-------- DATASET EXCERPT --------
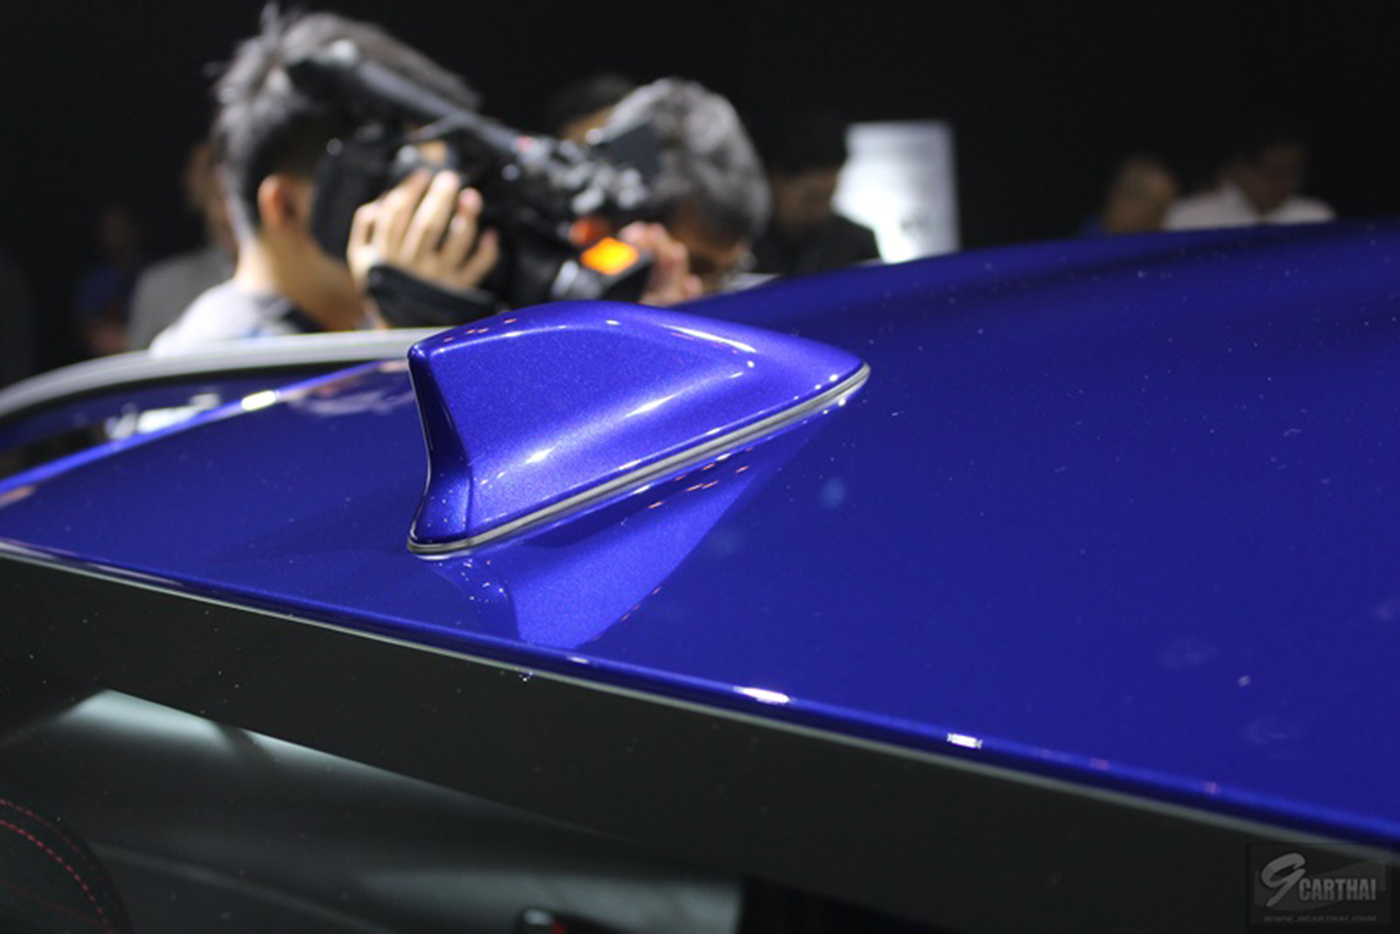 toyota-yaris-sedan-2018-9.jpg
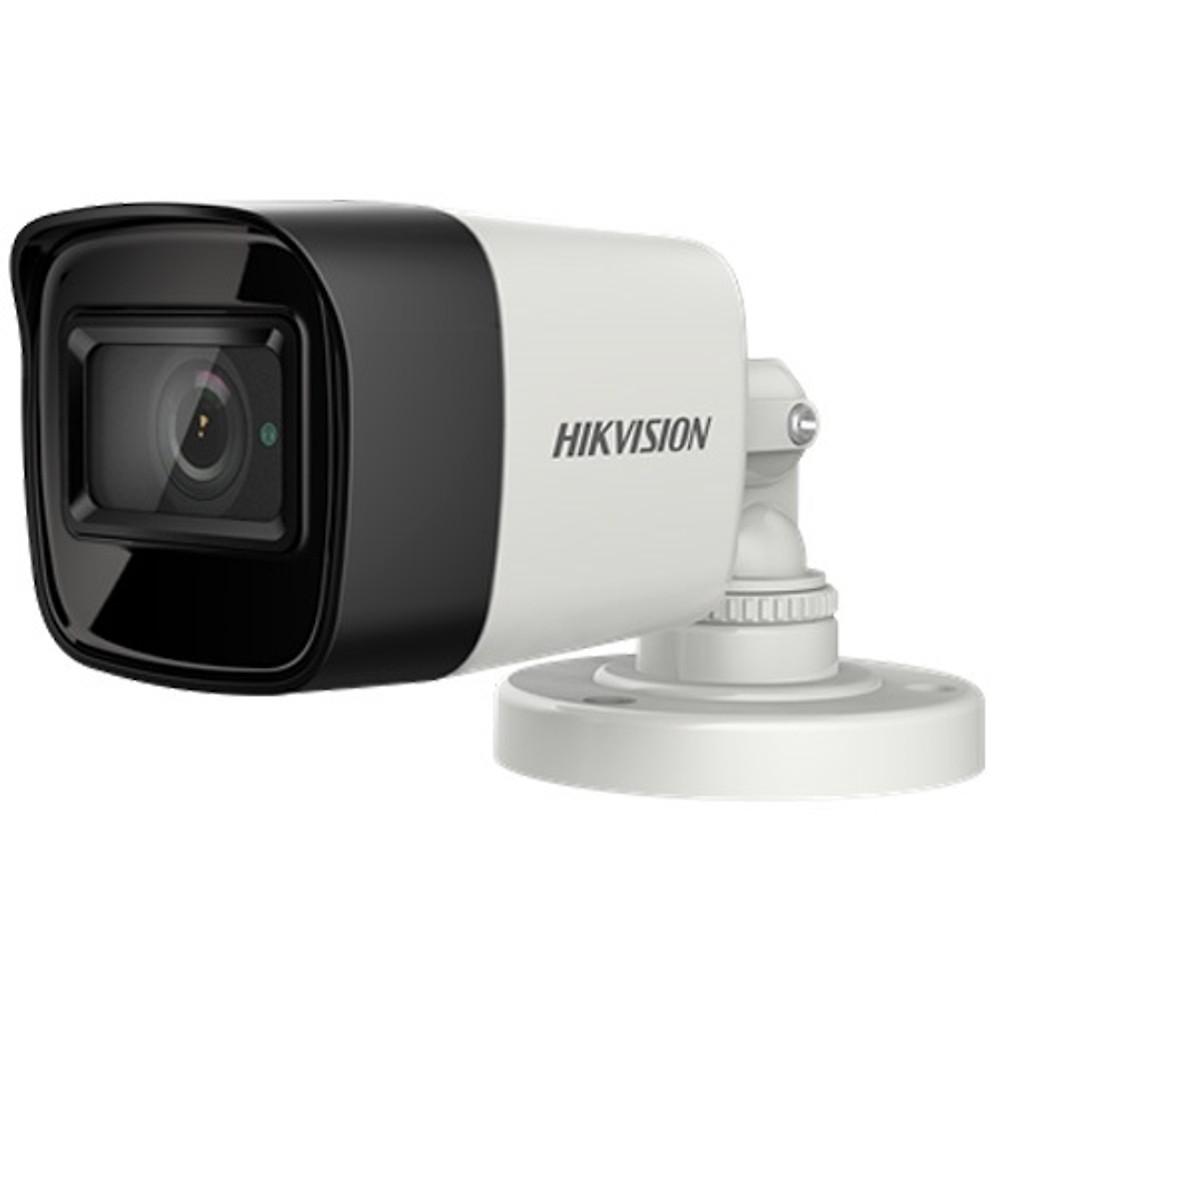 Camera DS-2CE16D3T-IT- TVI 2MP - HIKVISON
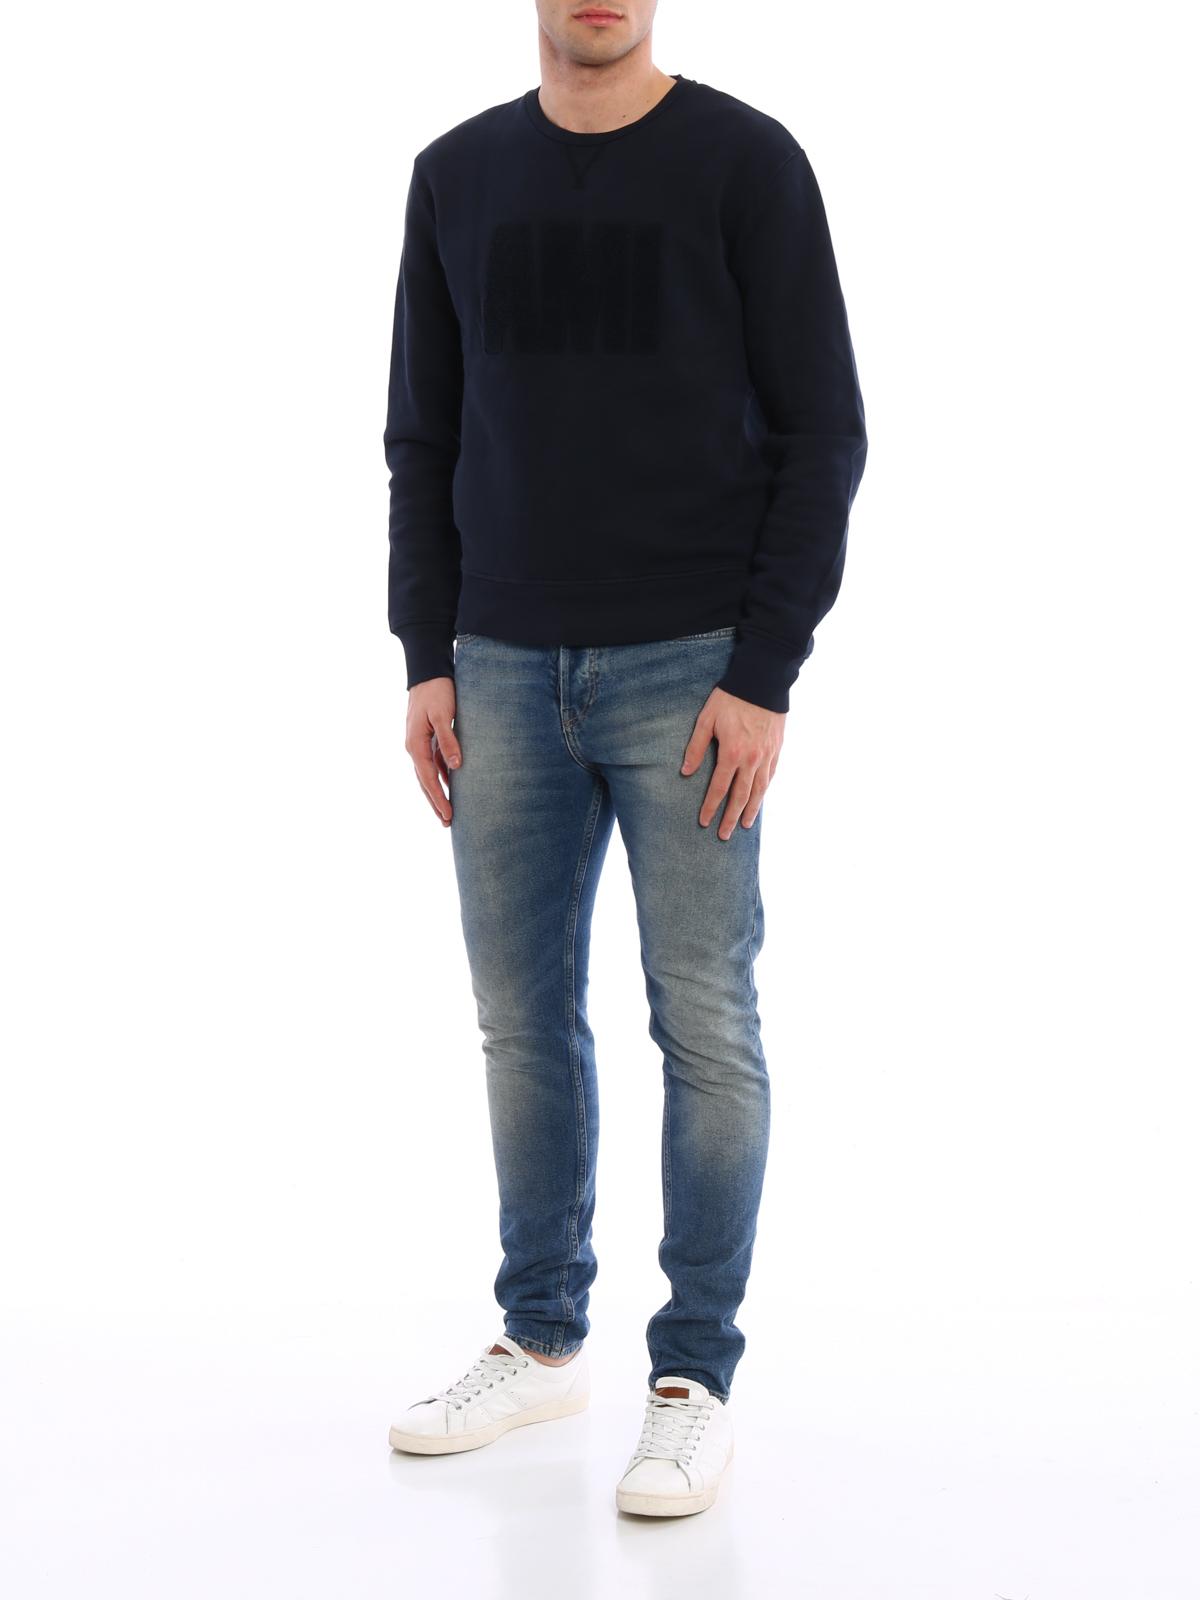 Online sweatshirt shopping
--------
■ **REQUIRED ACTION**
Only the words belong in your copy: restate the data above exactly and leave the images out.

■ **RESULT FOR THIS TASK**
 toyota-yaris-sedan-2018-9.jpg
 Camera DS-2CE16D3T-IT- TVI 2MP - HIKVISON
 Online sweatshirt shopping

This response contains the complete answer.